3. The Sky

The atmosphere is literally an ocean of air that one has to peer through. It has two innate characteristics that greatly affect imaging, transparency and steadiness (seeing). After you have honed your equipment to the best possible optical and mechanical tolerances, atmospheric seeing will then be the limiting factor for resolution. Although the steadiness of the atmosphere is important in deep sky imaging, it is planetary imaging that pushes the limit of resolution.

The seeing at your site will be affected by geography and atmospheric dynamics on the large scale and by local conditions at your imaging site. Assuming that you do not have the option of locating a scope on a mountaintop above much of the atmospheric turbulence, local conditions comprise the factors that you can most readily control. The local seeing is modified by turbulence caused by convection currents that arise from objects that are giving off heat, usually from daytime solar absorption. Any objects that are potential heat radiators should be avoided. These range from a cement driveway to your neighbor's roof and even your own body heat. One of the best locations for steadiness would be a highly vegetated region such as a grassy field surrounded by trees. Here the ground has been somewhat insulated from daytime heat absorption and therefore has little excess heat available for nighttime radiation. Other great seeing locations are those surrounded by water.

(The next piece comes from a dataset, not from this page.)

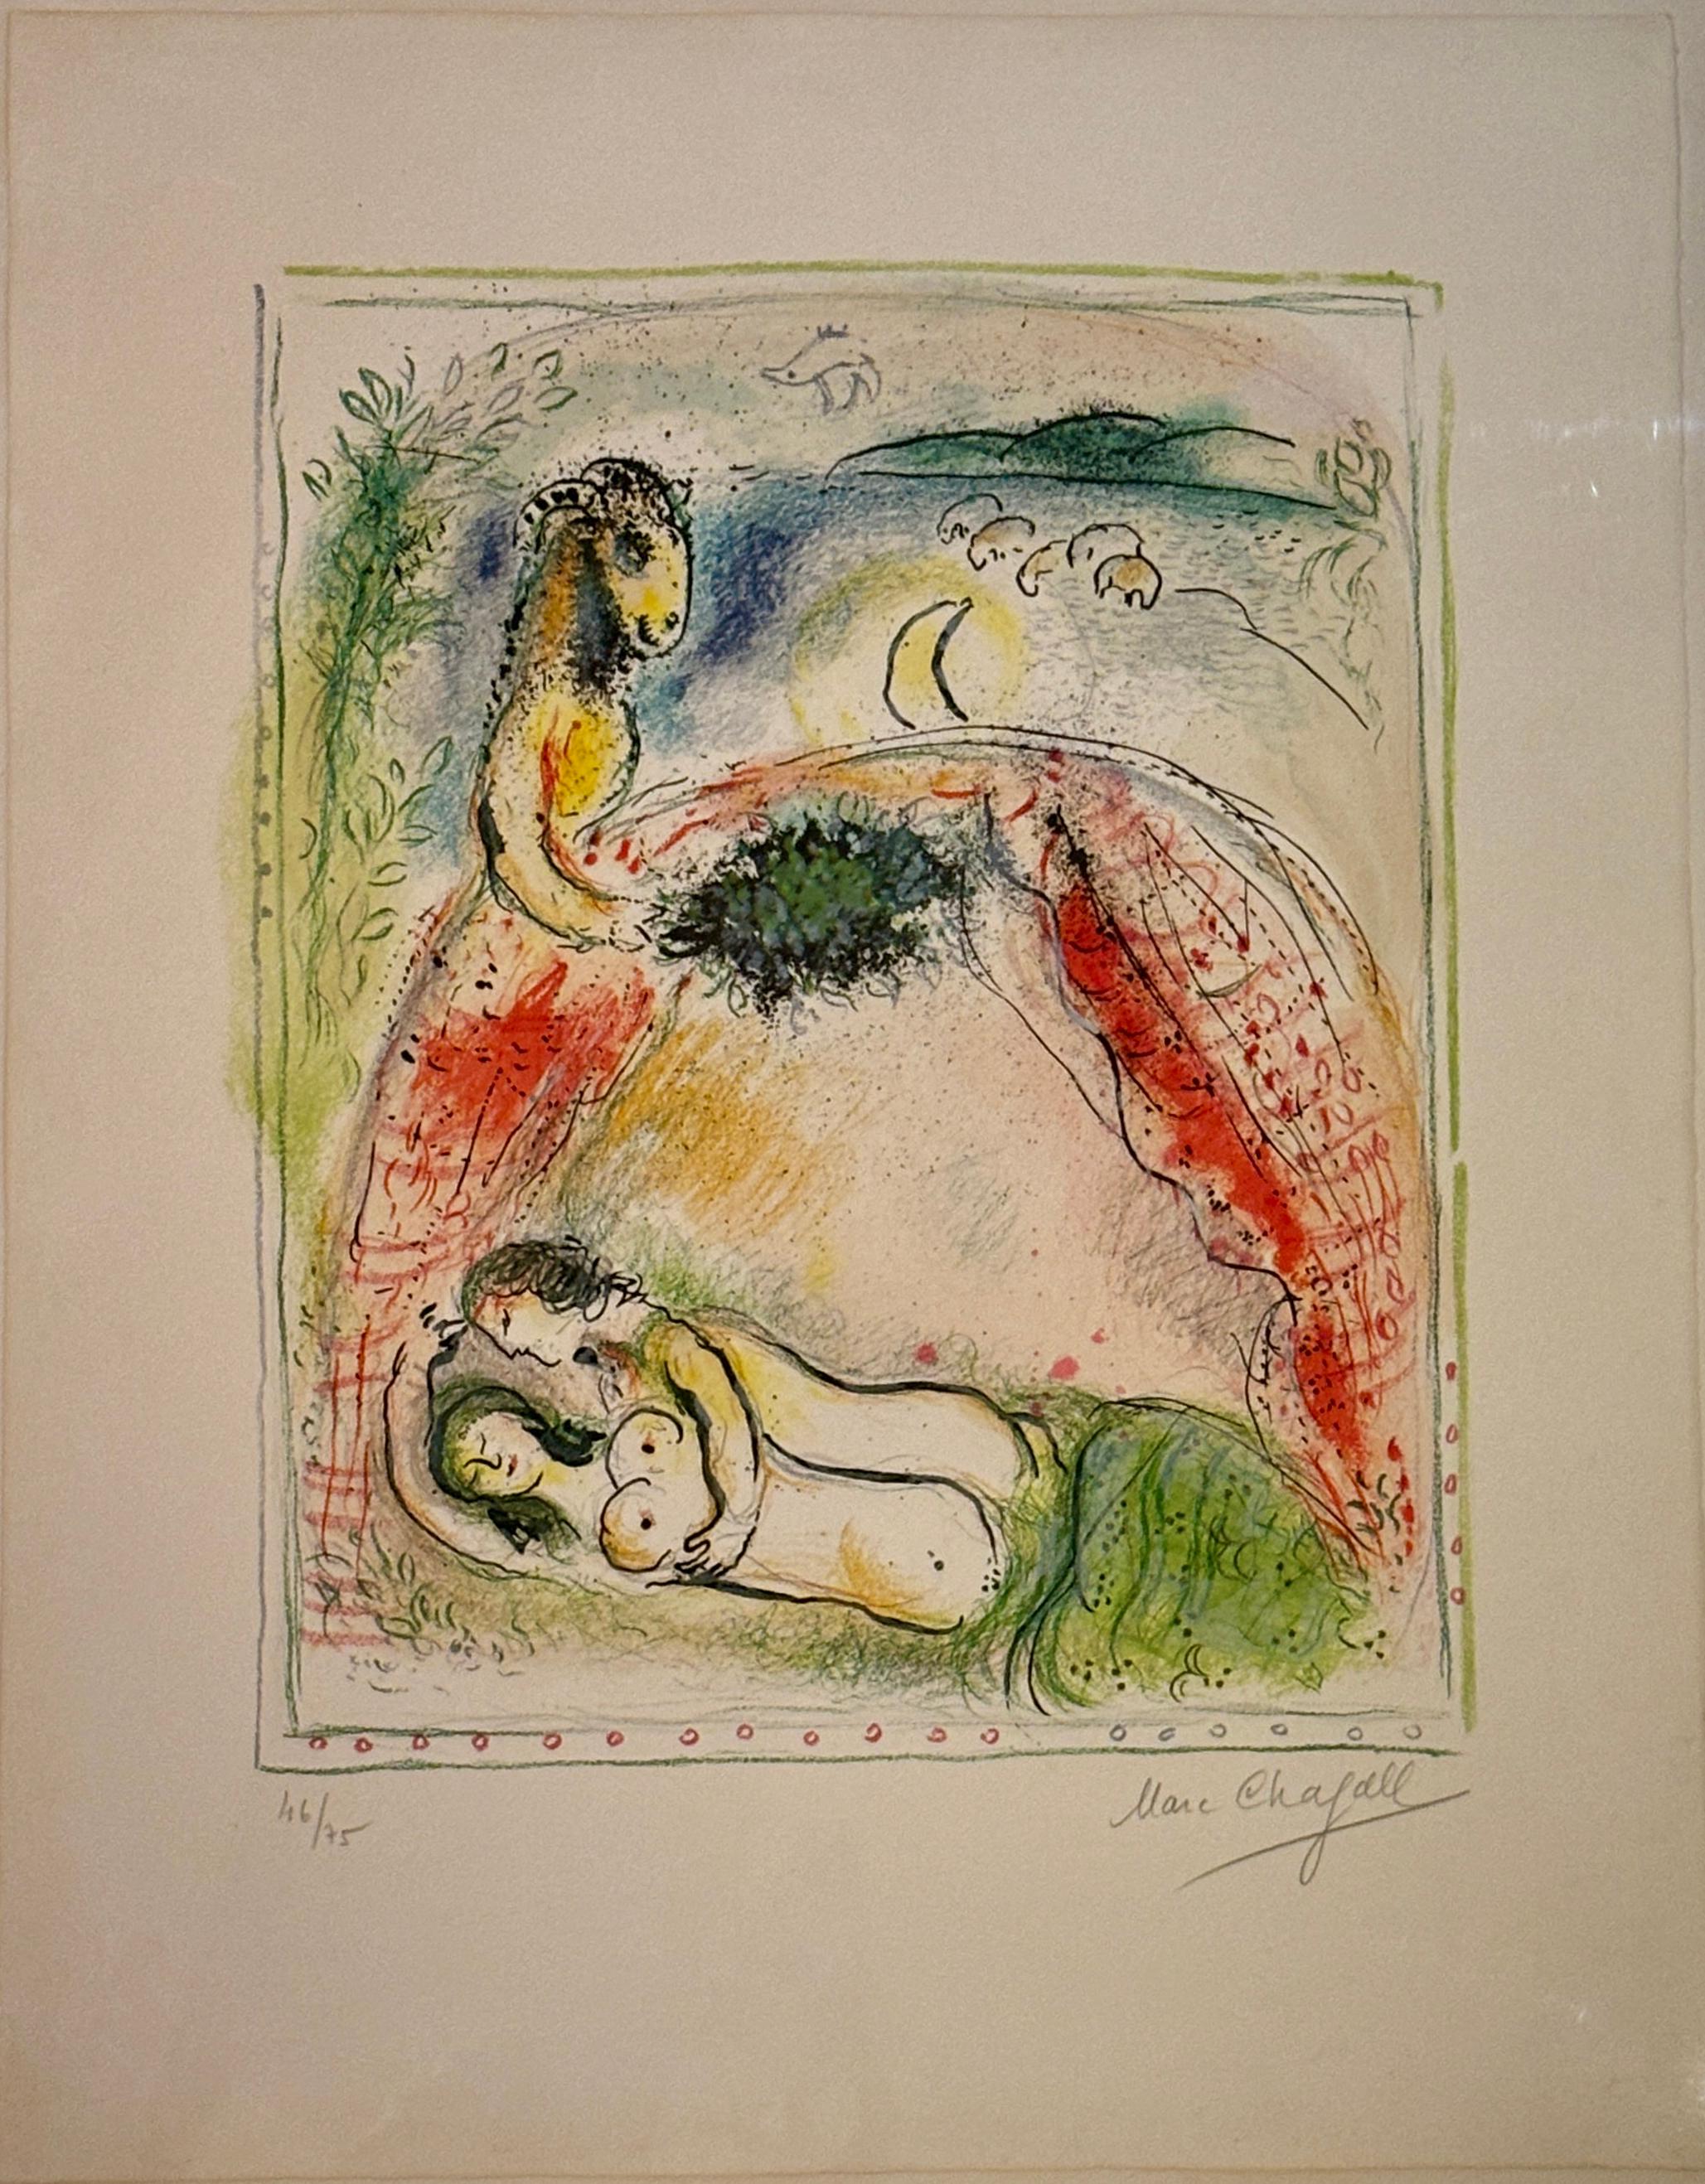 What is Marc Chagall most known for?

For deep sky imaging the most favorable nights will be those of high atmospheric transparency. The atmospheric transparency will be best when the air is dry and free from pollution and dust. During the winter in the northern hemisphere, the sky is usually most transparent when cold fronts come through and bring cold, clean, and dry Arctic air to the imaging site (if you live in the temperate zone). Many times during the summer the air masses become stagnant and the atmosphere becomes laden with pollutants, haze, and dust. These conditions can persist for weeks but sometimes can be improved by a good rainstorm, which has the effect of cleansing the atmosphere by washing out dust and haze. An avid imager will learn to read the sky for transparency. A deep blue sky is an indication of good transparency as well as a bright yellow (not orange) setting sun. These nights of good transparency will allow considerably fainter objects to be captured.

a. Normal FWHM resolution. The term resolution refers to the granularity of detail that can be seen through the eyepiece or in an image. The diffraction-limited and sky-limited resolution of the smallest distinguishable object, a point source such as a distant star, is measured as the full-width half-maximum (FWHM) of the point-spread function (PSF). See the Glossary of Terms for FWHM and PSF definitions. Amateur CCD "snapshot" images of planets may achieve sub-arcsecond FWHM, but very few amateur deep-sky images are less than 2 arcseconds FWHM.

b. Light pollution. Just as with your eyes, light pollution adversely affects the ability of CCDs to see deep-sky objects. Fortunately, CCDs can integrate long exposures to overcome this to some degree, but the darker the sky the better the CCD results! The absence of light pollution not only improves the contrast between deep-sky objects and the sky background, but also improves the quality of sky flats (see Section 4, Taking Images) and the unprocessed color balance of filtered images for RGB composites.

The brightness of the sky background, as affected by light pollution andother atmospheric factors, is the key determinant in the ability to see and image deep-sky objects, particularly faint extended objects such as galaxies and nebulae. Sky brightness is measured in magnitudes per square arcsecond, which can be thought of as stellar magnitudes blurred smoothly across the sky. Moonless professional observatories on mountaintops far from city lights have sky backgrounds as faint as 21st magnitide (or even somewhat fainter), moonless rural skies many miles from city lights are usually about from 19th to 20th magnitude. Light-polluted suburban skies are about 17th to 18th magnitude (or worse!). Since the brightness difference between adjacent magnitudes is a factor of 2.5, the difference between a 17th magnitude and a 19th magnitude sky is 2.5 x 2.5, or a factor of 6.25. Other things being equal, this means you would need to make CCD integrations 6.25 times longer under a 17th magnitude sky than under a 19th magnitude sky to achieve the same results! See http://www.stanmooreastro.com/CCD_topics.html for Stan Moore's excellent "CCD Topics" webpage, which includes sky background calculators which you can use to determine the sky brightness at your location based on data from your own CCD images.

c. Sky foreground color. Light pollution and other atmospheric variables, such as dust and haze, add their own distinctive colors to the sky that the light from astronomical objects must transit. This is known as sky foreground color. Fortunately, there are simple image processing techniques that imagers can use on their color filtered images to remove this phenomenon so the true colors of deep-sky objects can emerge (see Section 5, Processing Images).